Ends up the 14 inches was Oklahoma City's record one-day snowfall EVER!  It was bright and sunny today, and barely got above freezing, and the streets are getting better.  I'm hoping it will be good enough for me to go out and about tomorrow, though I'm not as cabin feverish as I expected to be by now.


----------



## The Hooded Claw (Oct 12, 2009)

And it seems that a total of 877 snowfall records were set across the country last week! The largest number were actually on Christmas Day:

http://www.news9.com/global/story.asp?s=11734051


----------



## Jen (Oct 28, 2008)

And yet here in Ohio where we always get snow it rained on Christmas Day!  You all can keep it, I hate the snow!!


----------



## BTackitt (Dec 15, 2008)

I can't wait for tomorrow when our next snowstorm is due!

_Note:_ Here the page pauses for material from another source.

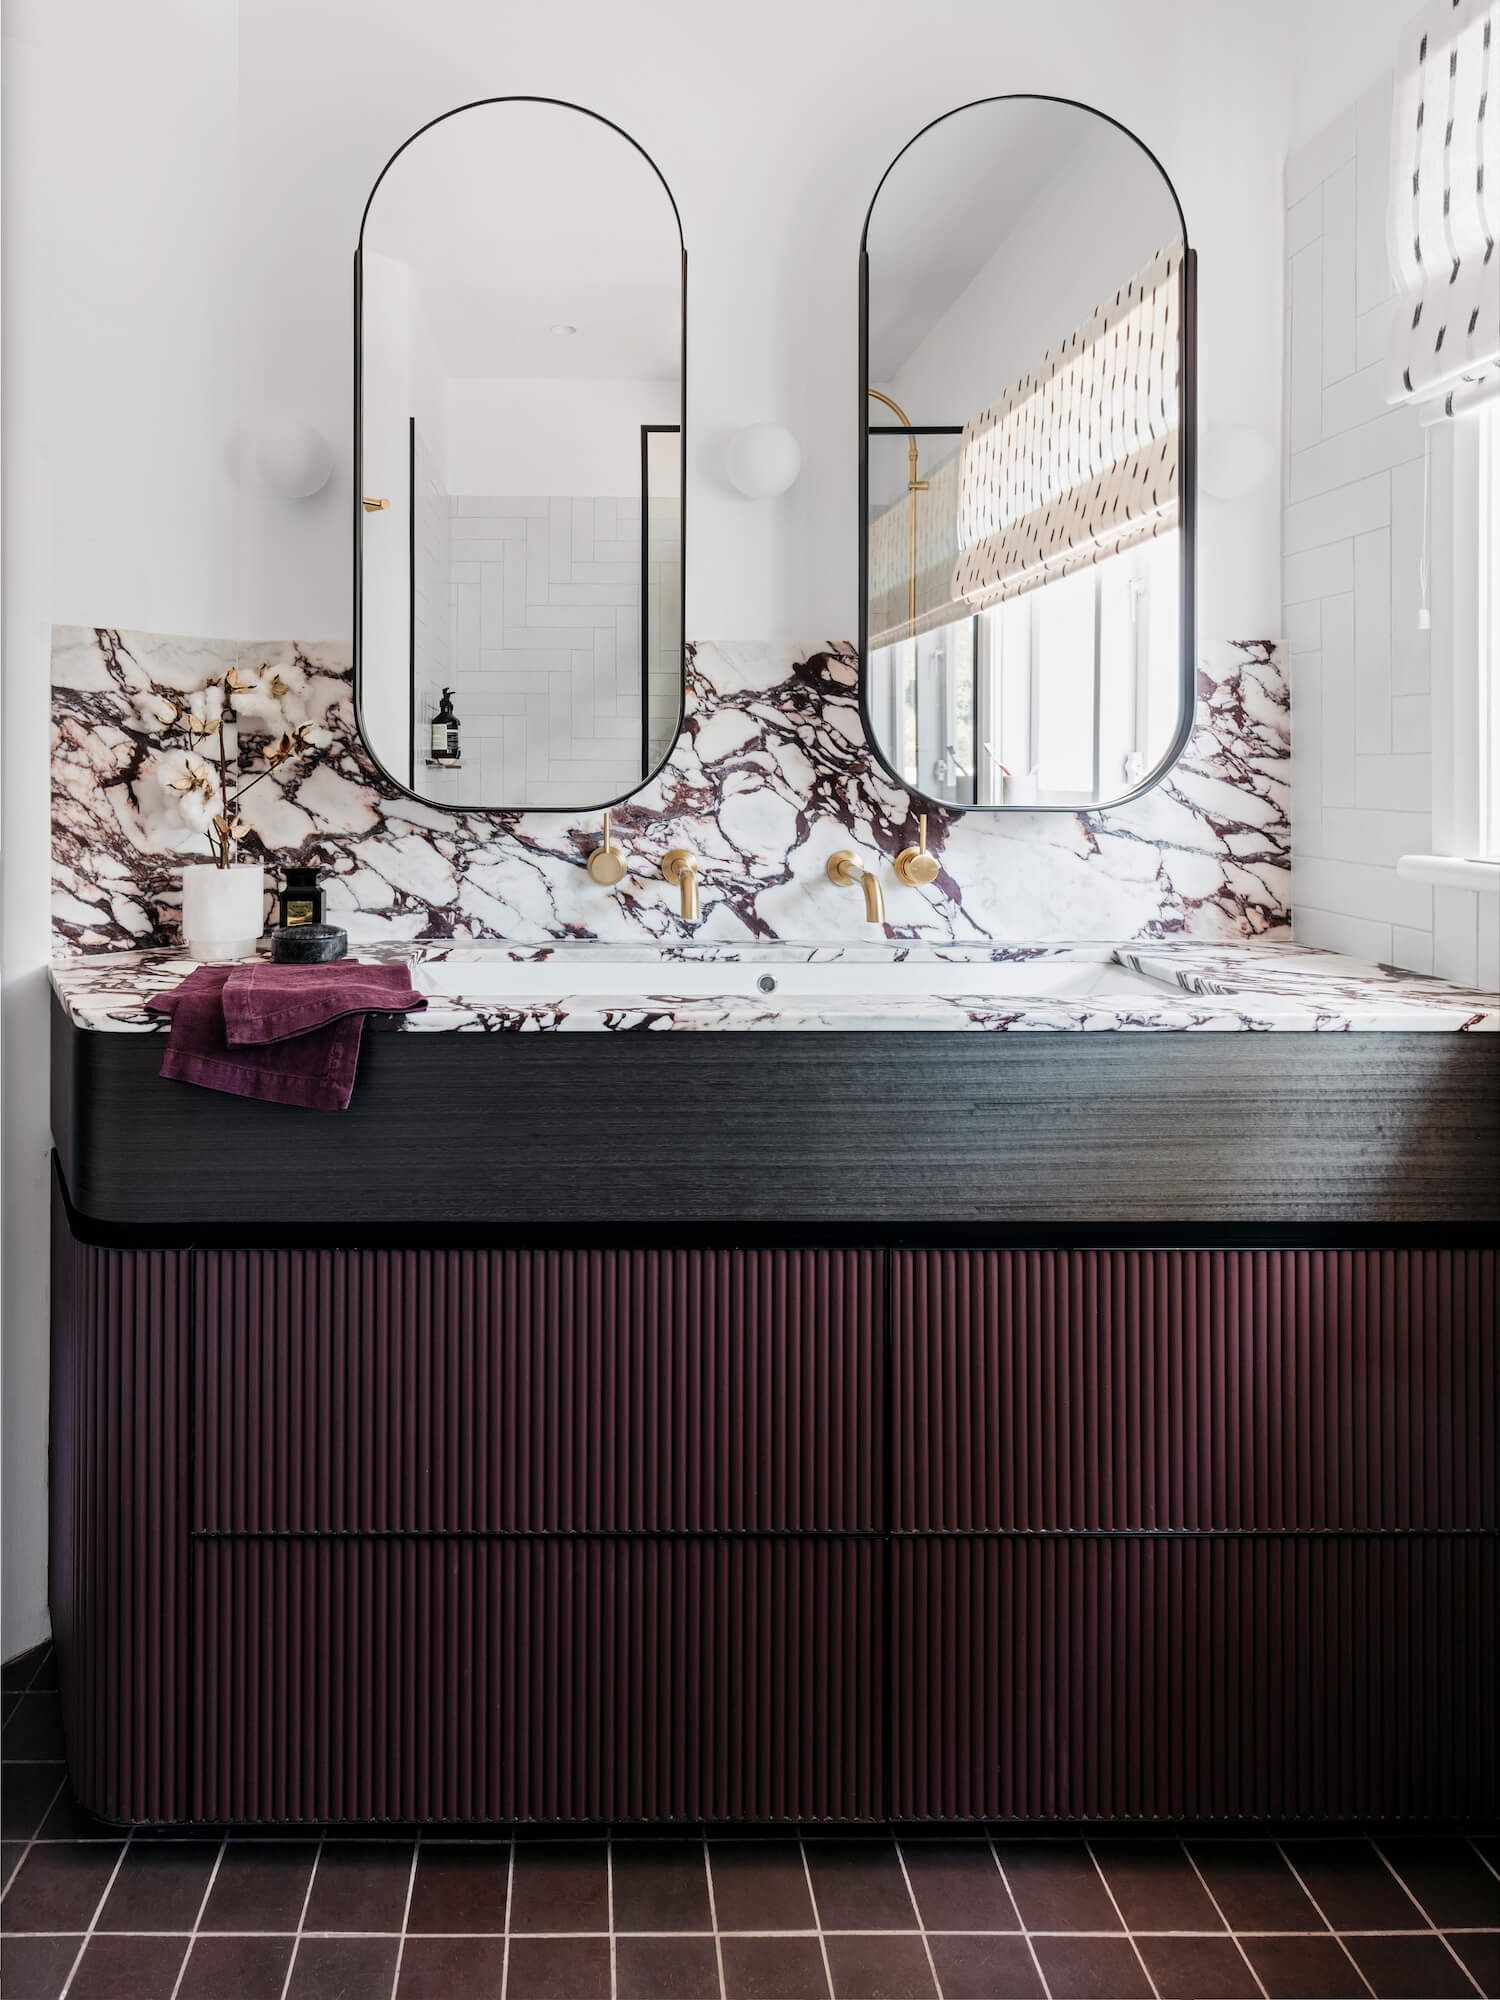 bathroom, white wall, black floor tiles, white marble top and bakcsplash, black lines, dark cabinet

It's supposed to start snowing around 11am.... my final exam is scheduled at 8am.. I hope the snow does not arrive early, its a 45 minute drive for me up to school.


----------



## Geoffrey (Jun 20, 2009)

According to the local news, this was our first White Christmas in 80 years ... now a White 29th .... Maybe its the start of new Ice Age  (I kinda hope so - there are parts of my hometown in Michigan that I won't mind seeing ground into a new Great Lake and it would make our Texas summers more comfortable ...  )


----------